-
Feature
-
Resolution: Unresolved
-
Normal
-
None
-
None
-
False
-
Not Selected
-
0
-
0%
-
-
0
Feature Overview (aka. Goal Summary)
This feature will introduce customization for cluster update/upgrade strategy by introducing a new configuration that will allow multiple cluster nodes to be upgraded in parallel and helping to reduce the overall upgrade time.
Goals (aka. expected user outcomes)
Customers can pass a non-zero value for Machine Config Pool parameter maxUnavailable and maxSurge at a cluster level that will be used during the cluster upgrade to upgrade as many nodes in parallel. This will allow parity between self-managed OCP and ROSA/OSD clusters.
Requirements (aka. Acceptance Criteria):
Both maxUnavailable and maxSurge are
- Configurability at the machine pool level
- Applicable only to the machine pools or the worker nodes that customer create/manage
- Allow shorter range of values - (1,3) to begin with
- Default is 1 (no change to defaults)
- OCM UI, CAPA/CAPI, ROSA CLI, Terraform supports configuring this field.

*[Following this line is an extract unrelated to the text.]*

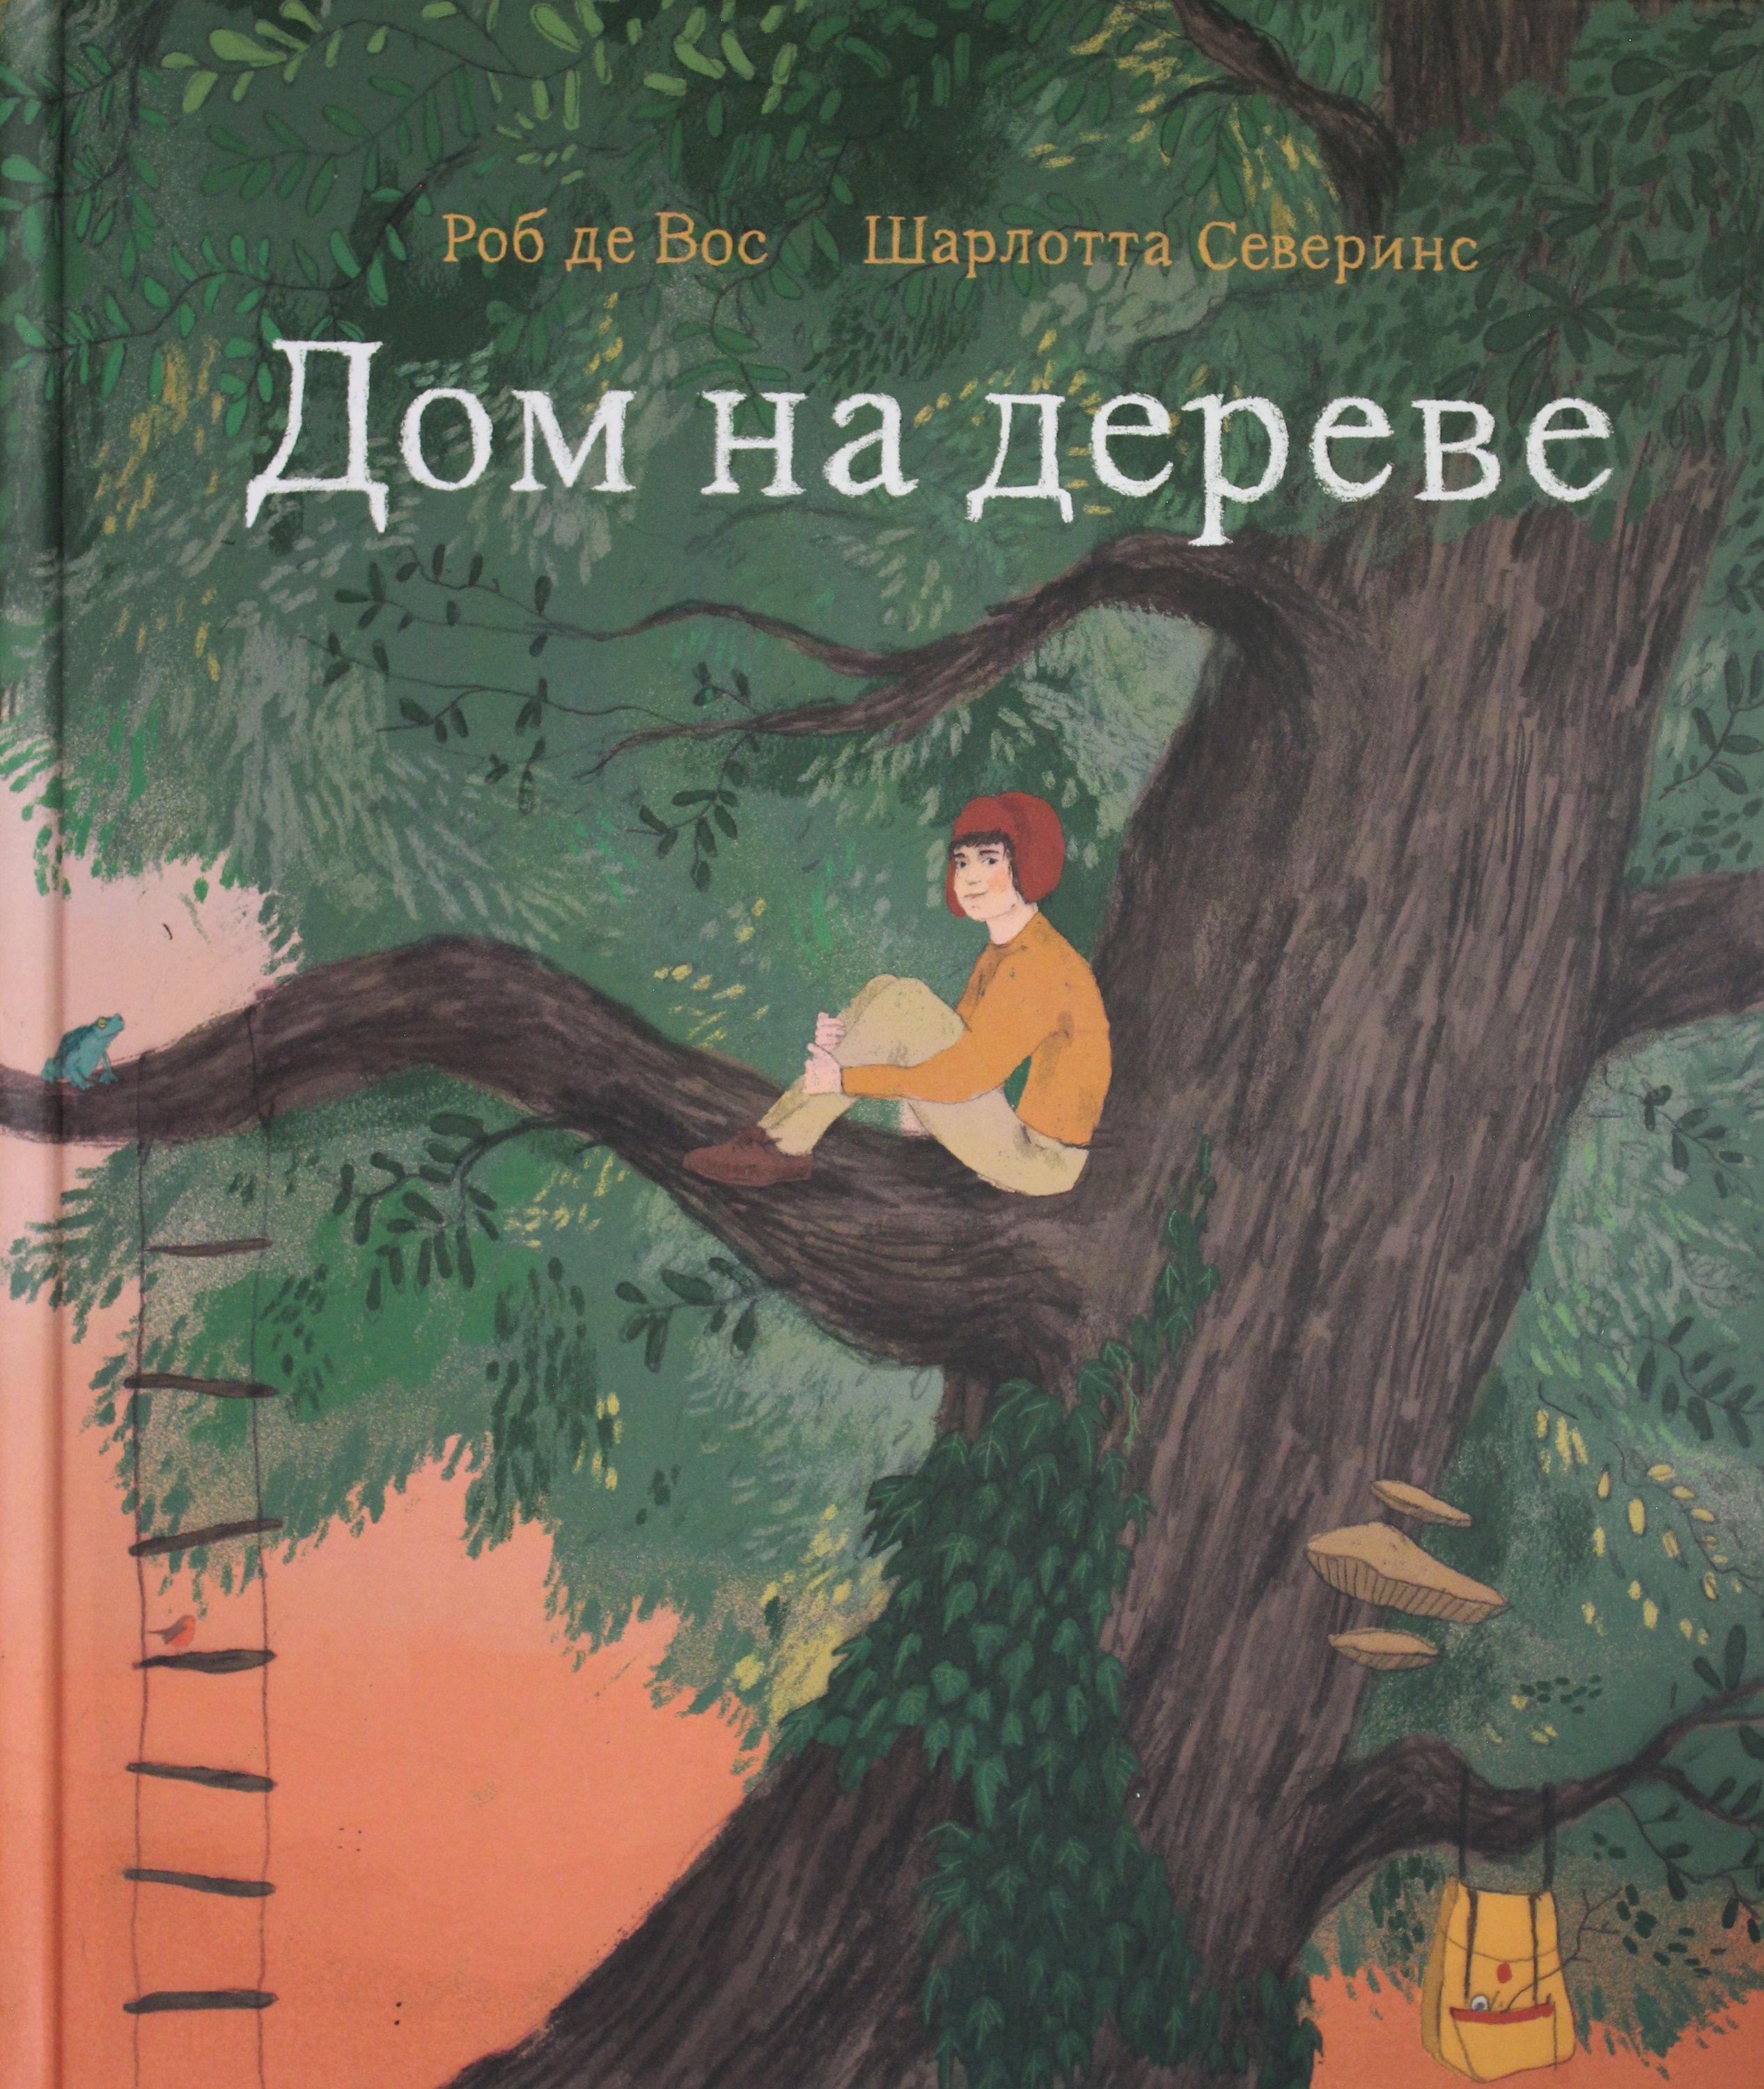 Тайны деревьев книга. Роб де Вос "дом на дереве". Роб де Вос, Шарлота Северинс "дом на дереве". Дом на дереве книга. Книги про деревья для детей.

- With Terraform this would be a parameter of the ROSA cluster resource
- Documentation will need an update in the upgrade section about the parameter, what it does and why it may be useful.
Use Cases (Optional):
- Cluster administrators take planned maintenance window with the businesses so they'd like to shorten the window as much as possible within the limits of safety of the cluster but availability of the services is not a constraint.
- The workloads have restrictive PDBs (maxunavailable=0%) so safely draining one node at a time delays if not fails the upgrade. A maintenance window is picked on the clusters when these workloads don't run and the window ought to finish before the workloads begin.
- Administrators have self-managed OCP clusters using this capability and following same operations across different environments is preferred for migration of workloads to managed cloud services.